A few notes on Anne Pennington's life and work contributed by prof. Dimitri Conomos

Anne Pennington (1934–1981) died on 27 May 1981, after an illness of which she was given forewarning many years before, and which she accepted with simplicity, directness and great courage. Three days before her death she was still driving her car and planning to leave Oxford for a conference in Bulgaria. Only on the last day of her life did she altogether cease working.

Her early academic interest concerned the philological tradition and historical tradition of 17th century Russia and her major work was an edition, with a detailed linguistic commentary, of Grigory Kotoshikin’s memoir Russia in the Reign of Aleksey Mikhailovich (Oxford, 1980). This treatise is a mine of information on the society and institutions of 17th century Russia and Anne’s book of nearly 800 pages was welcomed as a major contribution to the history of the Russian language.

In the 1970s her interest shifted to Romania, particularly to the centre of church music which flourished during the 16th century in the Moldavian Monastery of Putna. She was able to prove that several Church Slavonic manuscripts with musical notation dating from this period – now in Putna, Dragomirna, Mytilene, Bucureşti, Saint Petersburg, Iaşi, Sofia, and Leipzig, came from this monastery’s scriptorium. This discovery proved that the musical tradition of Putna was neither simply local nor wholly limited to a brief period. Its international character could be demonstrated by the abundance of bi-lingual chants of Romanian, Serbian and Greek origin. The Romanian compositions of the famous protopsaltes, Evstatie, and his school clearly showed tendencies that were both conservative and innovative.

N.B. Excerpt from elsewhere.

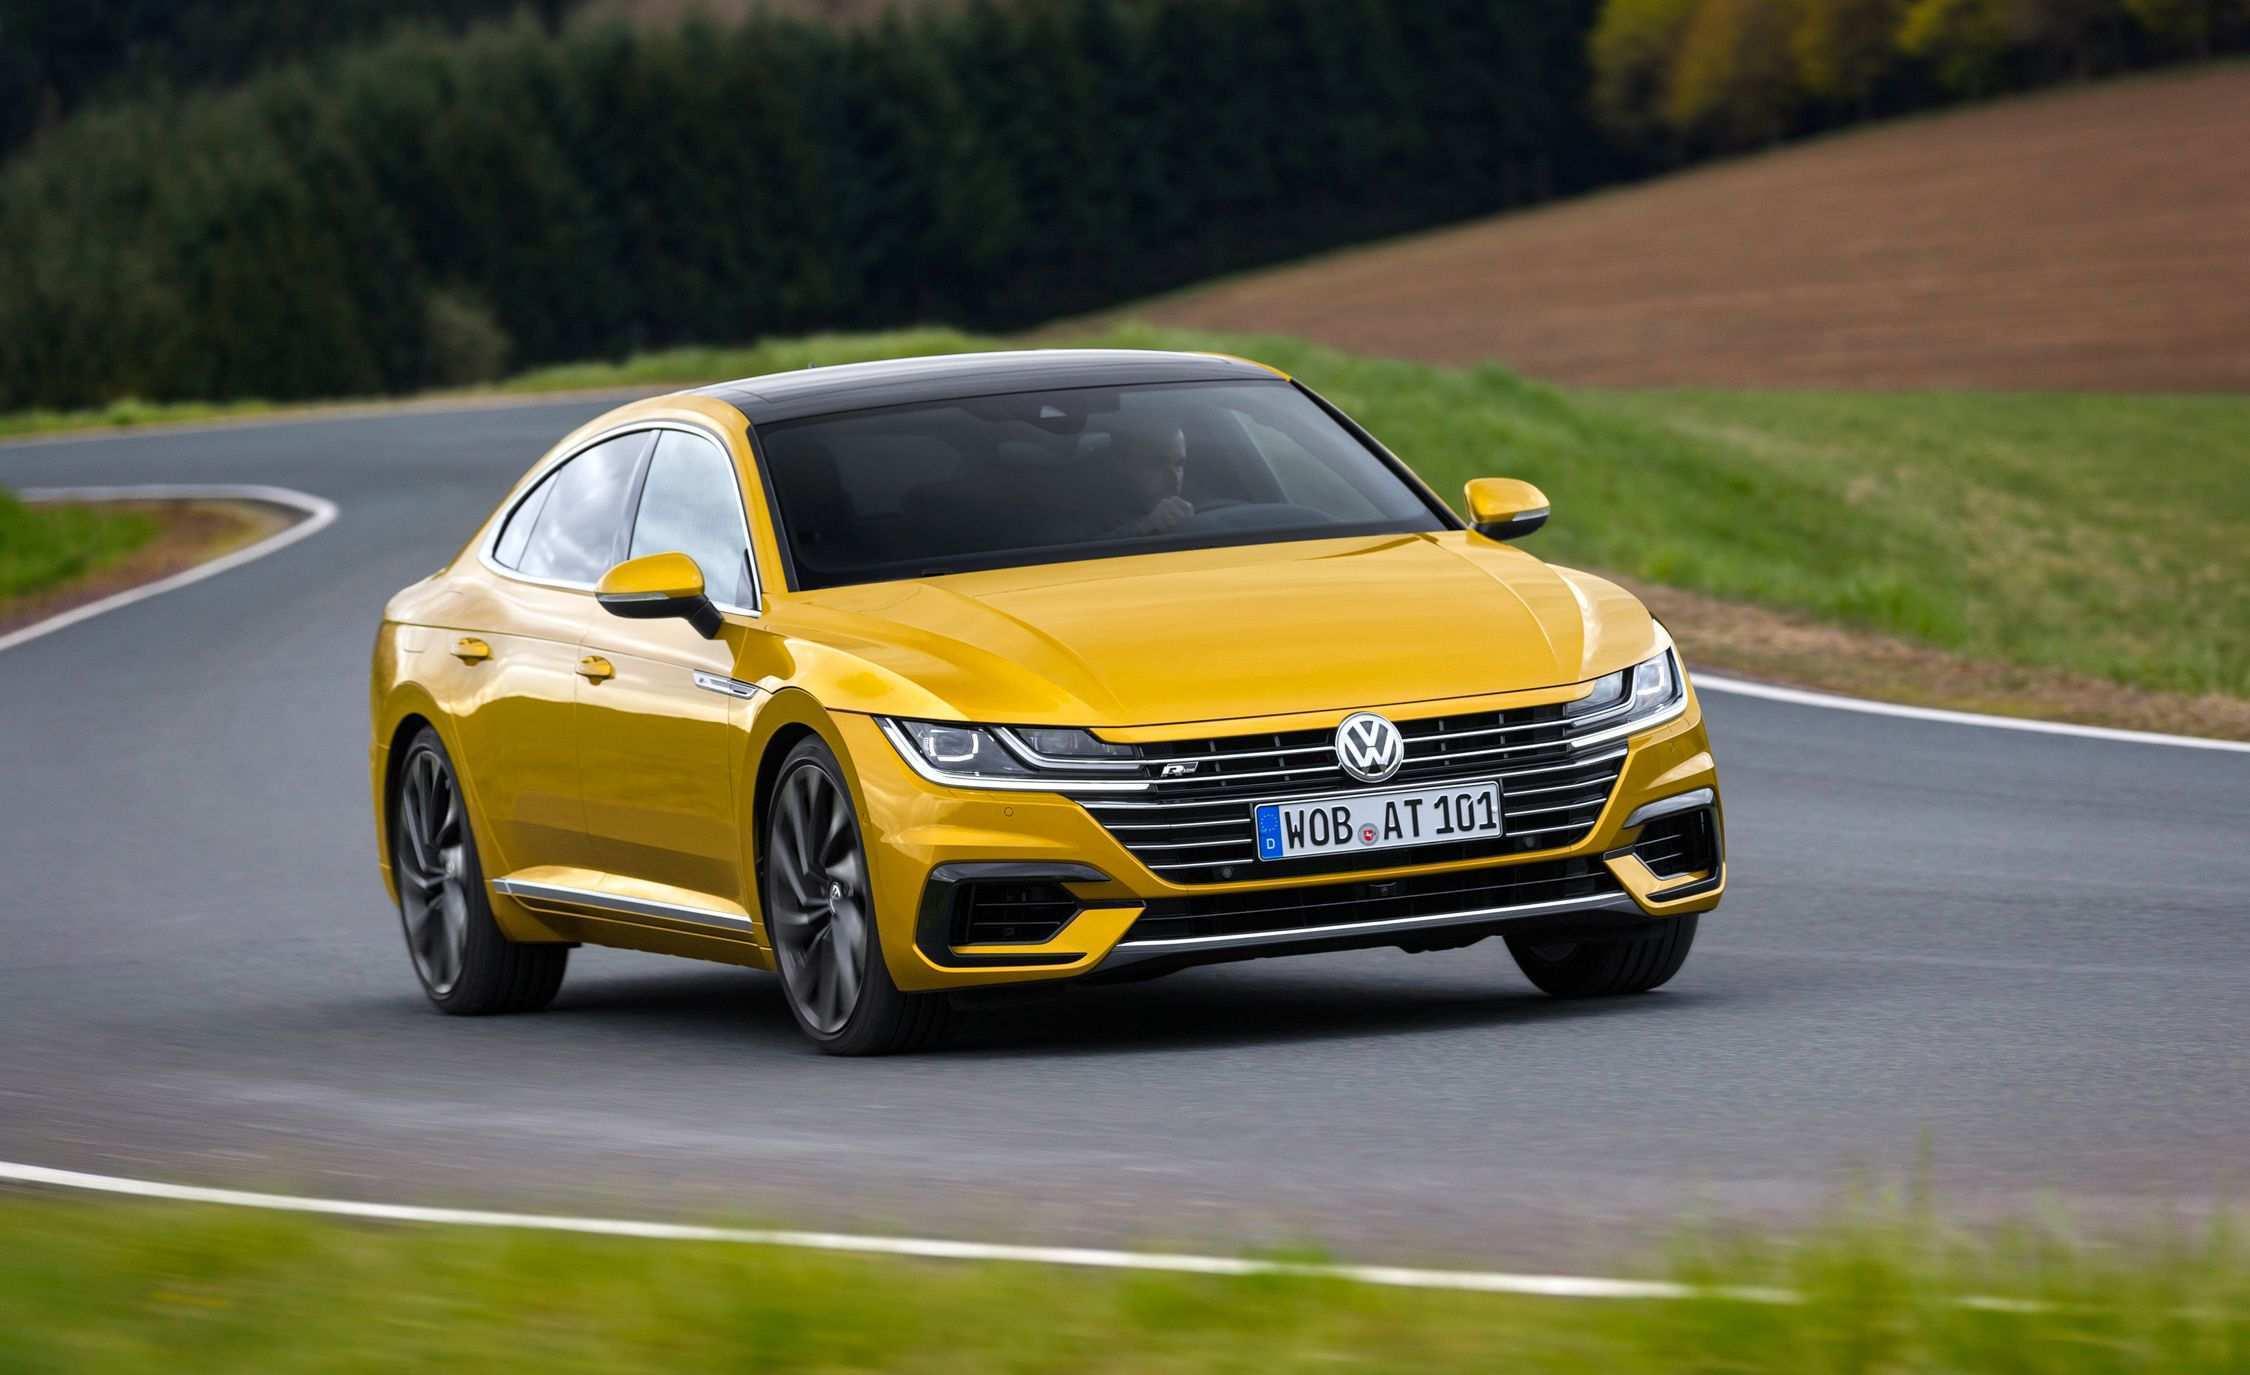 77 New Volkswagen Lancamento 2019 Price Specs for Volkswagen Lancamento 2019 Price
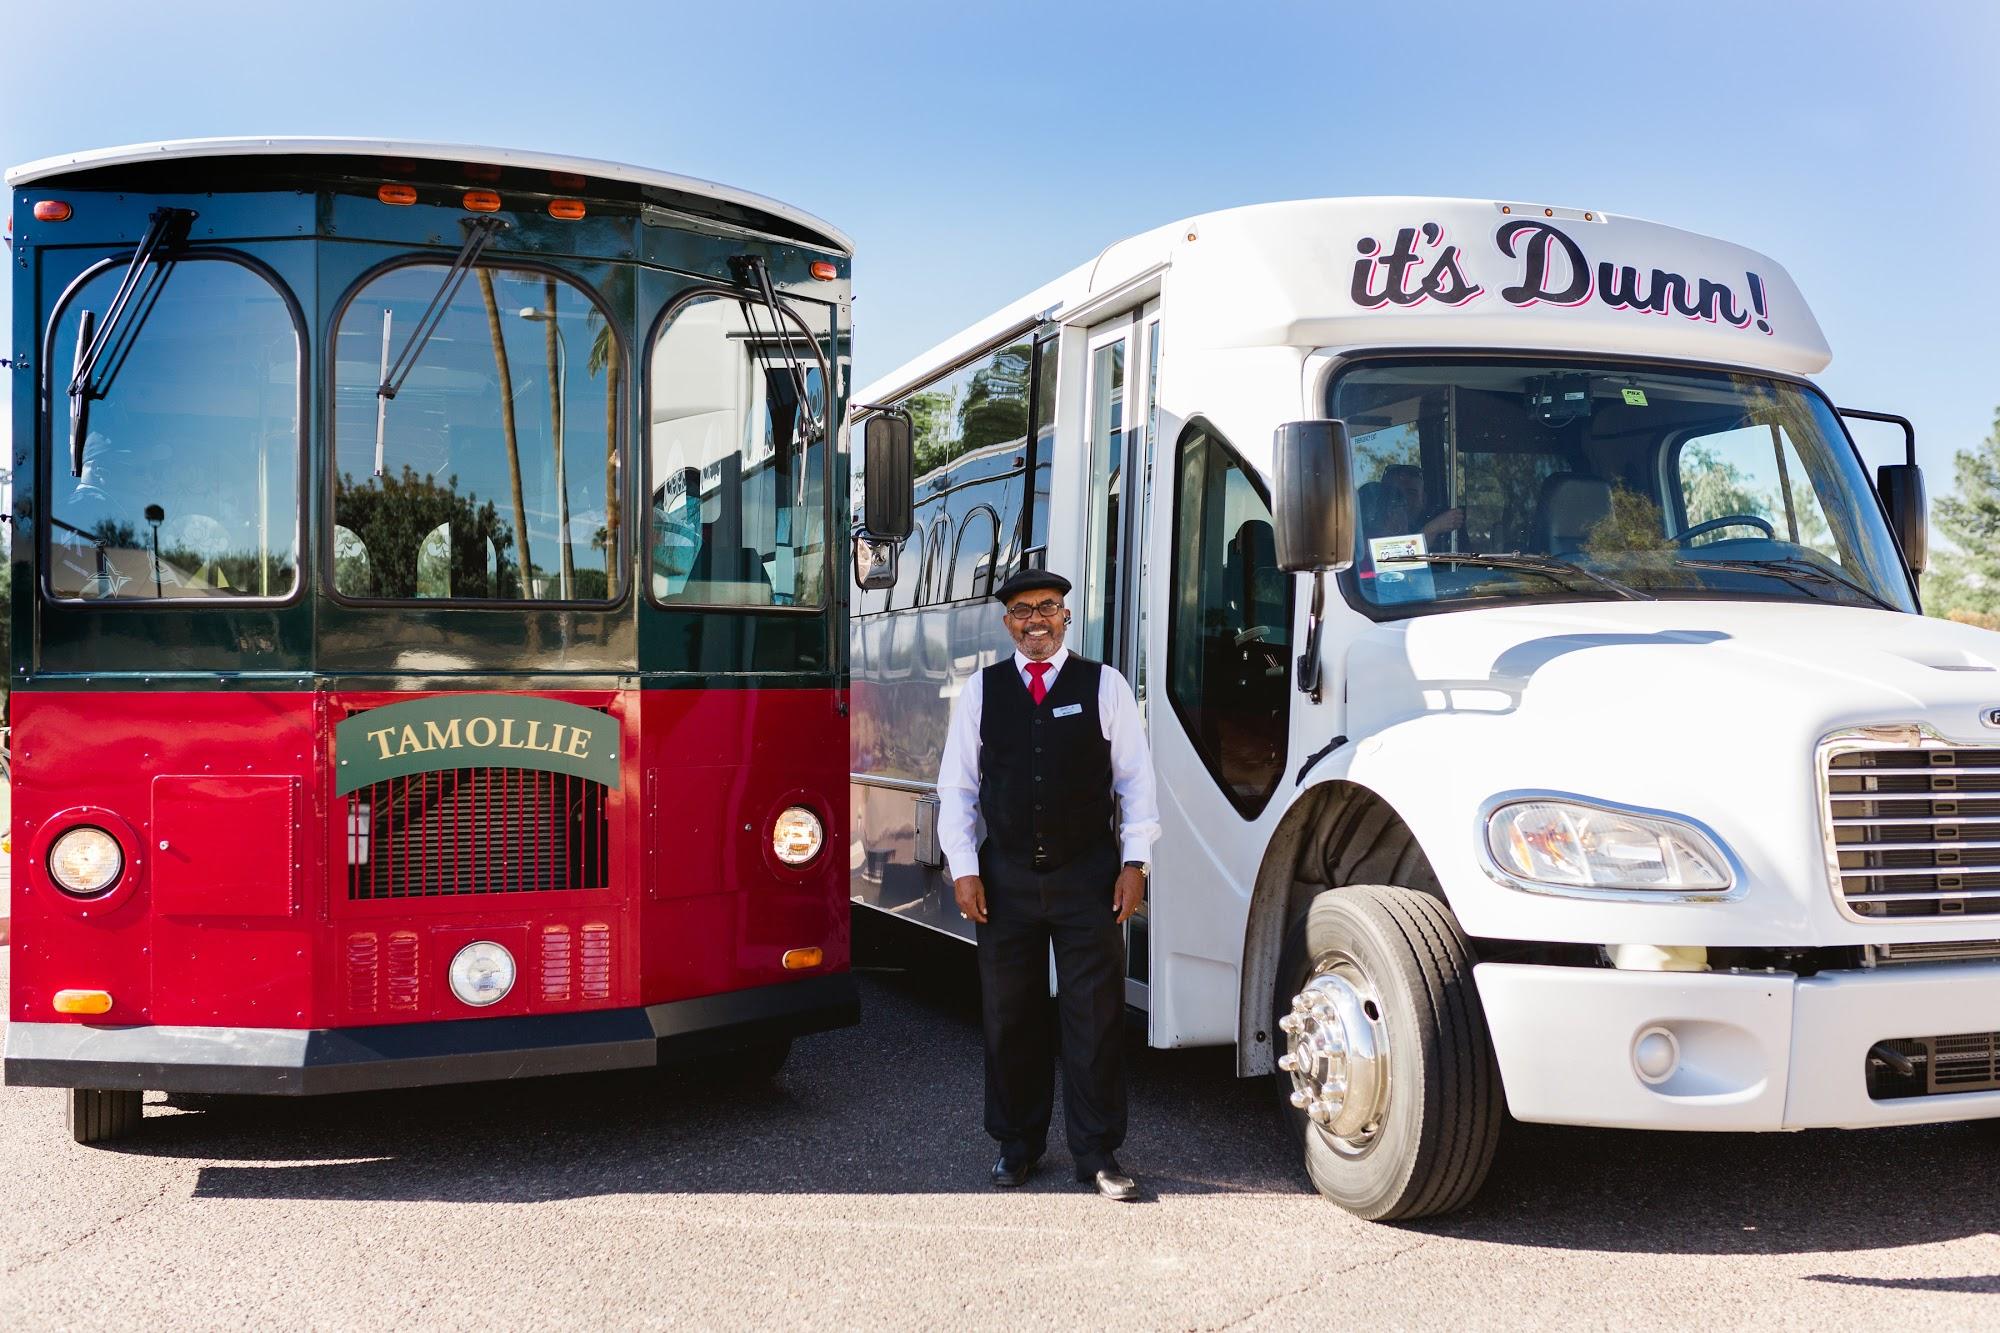 Dunn Transportation/Ollie the Trolley 1680 N 74th St, Scottsdale

One of her companions on these travels remembers her alertness to sounds. She seemed to be always listening: listening to village chat, to the intonations of a local dialect, a vowel inflection of peasant speech, or some unfamiliar musical rhythm. Her interest in popular music, costume and dance drew her to the Balkan lands, with its great natural beauty. There, by the shores of a lake, or at poetry festivals, she was perhaps at her happiest and most relaxed. In Oxford she was the joint founder of a Balkan dance group that met weekly and she attended regularly for some 20 years.

Her study of the language, music, dance, cuisine, art, and architecture of the Balkans inevitably brought her into contact with the Orthodox Church. She assimilated and appreciated many aspects of Orthodoxy, which helped to deepen her inner life of prayer. She sang regularly in the choir of Oxford’s Orthodox Church.

Anne was not only a first-class scholar: she was also an outstanding human being. Her academic achievements were those of a modest, warm and sensitive person, possessed of a rare gift for bringing people together, and for encouraging in her friends the development of their talents. Her energy was remarkable, and she packed more into her short life than most people do in one of normal length.